In March, the 424th advanced along the high ground between Berk and the Simmel River and was relieved on 7 March. A period of training and security patrols along the Rhine River followed, until 15 March, when the division moved to St. Quentin[5] for rehabilitation and the reconstruction of lost units.
The division was reconstituted on 16 March when the 3rd Infantry Regiment (the Old Guard) and the 159th Infantry Regiment were attached to replace the two lost regiments.
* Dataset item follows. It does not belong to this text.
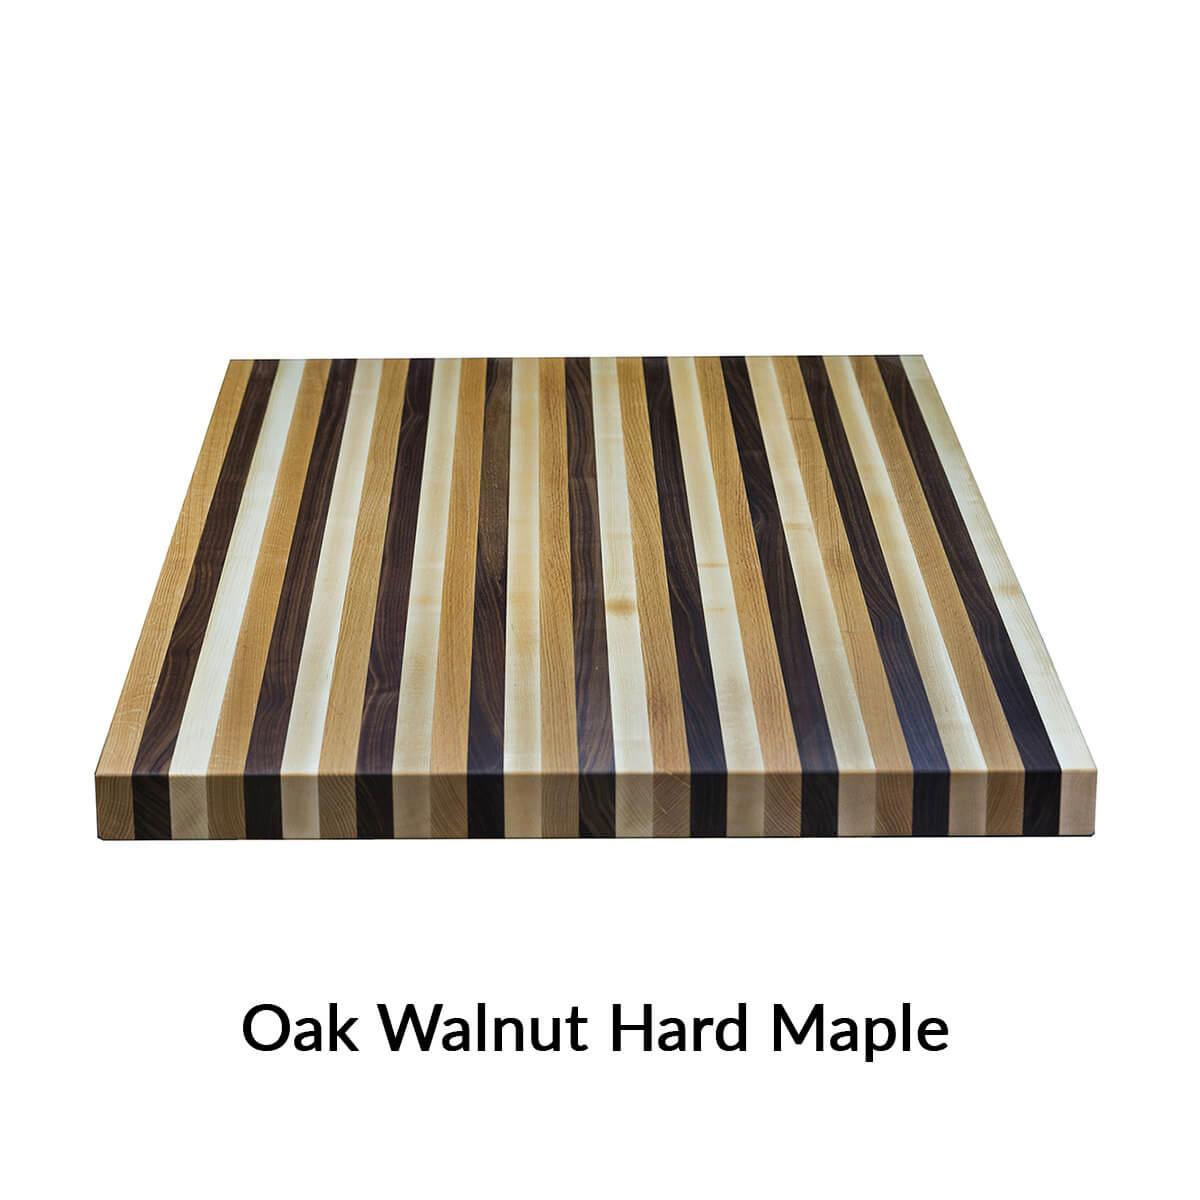 5-oak-walnut-hard-maple-option.jpg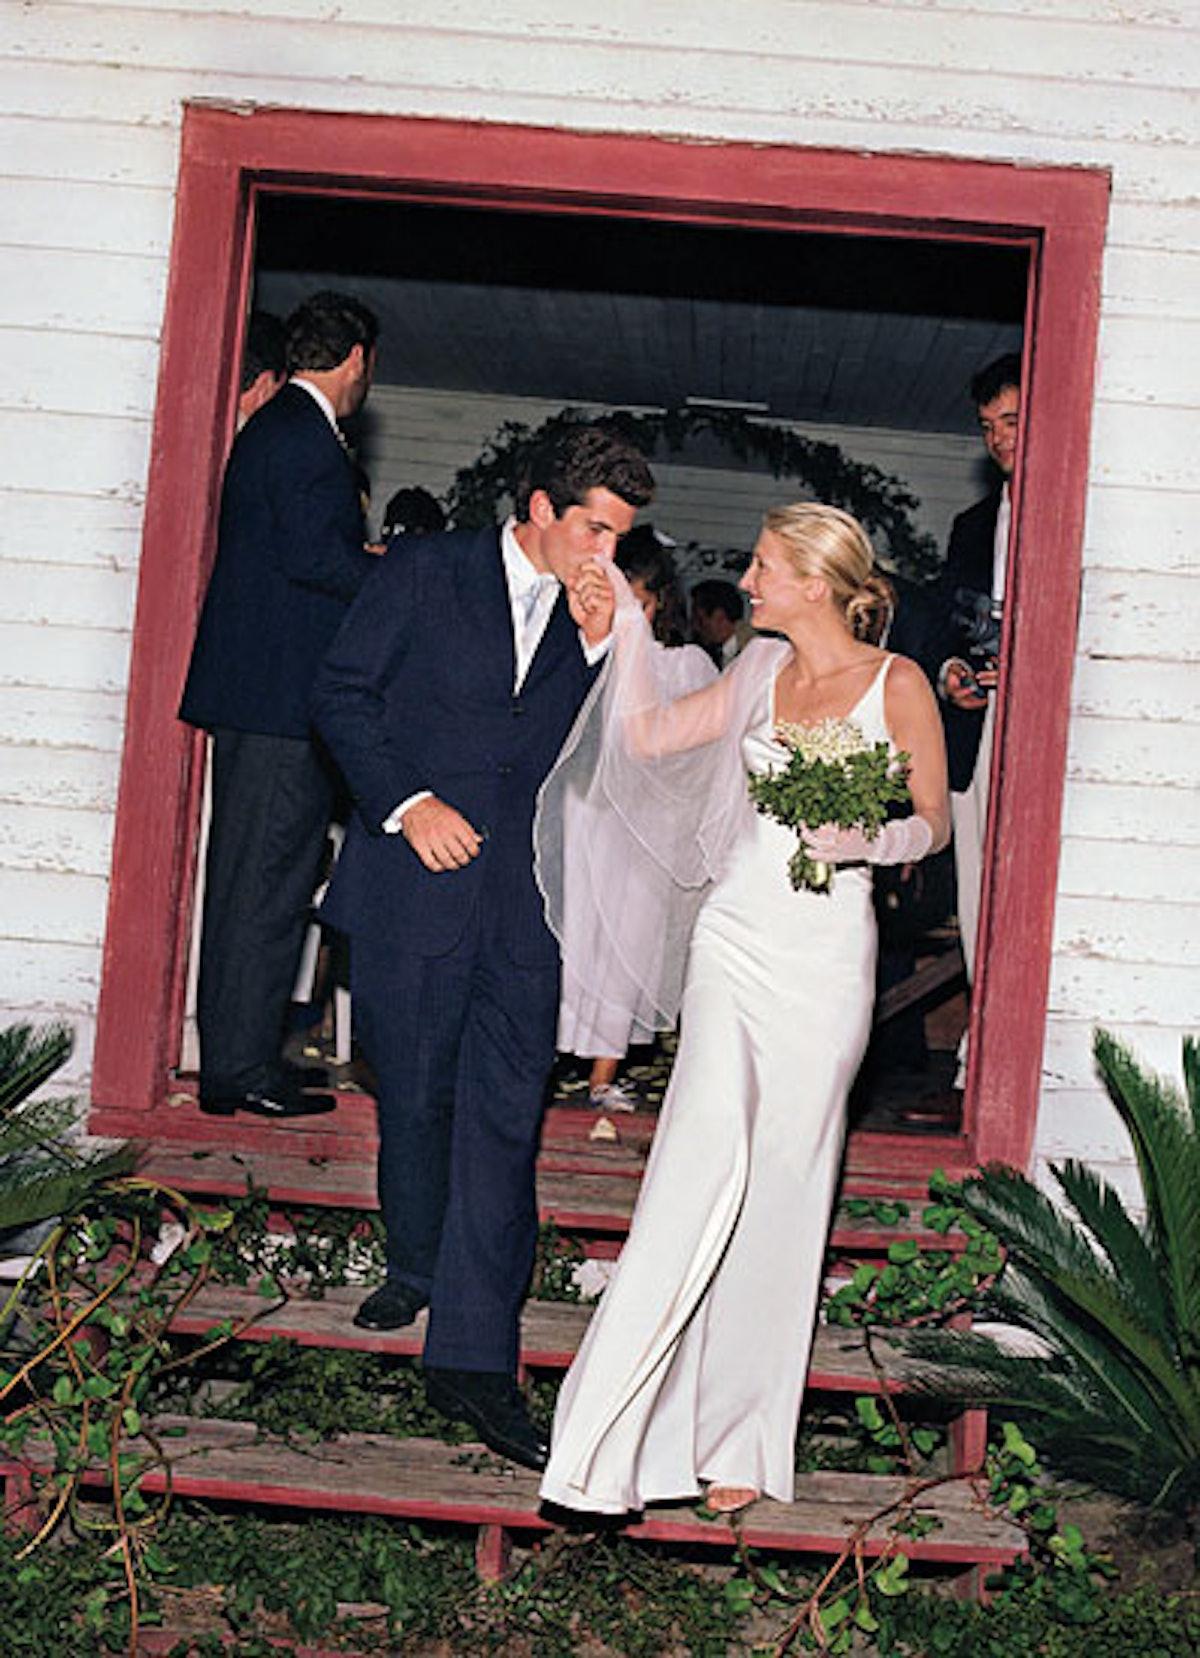 pass-w-archives-weddings-02-v.jpg

The division then moved back to Germany on 25 April, where, for the remainder of its stay in Europe, the 106th handled POW enclosures and engaged in occupational duties.
In the meantime, the 422nd Infantry Regiment and the 423rd Infantry Regiment were reconstituted from replacements in France on 15 April, were attached to the 66th Infantry Division in training status, and were still in this status when the Germans surrendered on 8 May 1945.
1942 ("Triangular") Organization
All infantry members who received the Combat Infantryman Badge were also later awarded the Bronze Star.
The blue is for infantry, while the red represents artillery support.
Kurt Vonnegut served in this division and used his experiences during the Battle of the Bulge (and captivity as a prisoner of war) in his novel Slaughterhouse-Five.[18]
Master Sergeant Roddie Edmonds (died 1985), who was captured on 19 December 1944 as a member of the 422nd Infantry Regiment, was recognized in 2015 by Israel's Yad Vashem Holocaust memorial and museum as the first American serviceman from World War II to be honored with the title Righteous Among The Nations for risking his life to save Jewish-American POWs under his command from being taken from the POW camp in Germany to concentration camps, where they likely would have been murdered or worked to death.[19]
Donald Prell, futurologist and founder of Datamation, the first computer magazine,[20] served as the leader of the second anti-tank platoon in the 422nd Infantry Regiment, and several years following the war researched the biological basis of personality with the British psychologist Hans Eysenck.[21] Prell had been captured in the Battle of the Bulge, survived Allied aerial bombardment while locked in a boxcar with 59 other POWs, and then suffered freezing and starvation while in a German POW camp.[22]
Richard B. Parker, a Foreign Service Officer, served as the leader of the first platoon of the Anti-Tank Company of the 422nd Infantry Regiment and was captured and served as a POW.[23] Parker was an expert in Middle Eastern affairs and served as a U.S. Ambassador to Algeria, Lebanon and Morocco during the 1970s.[24]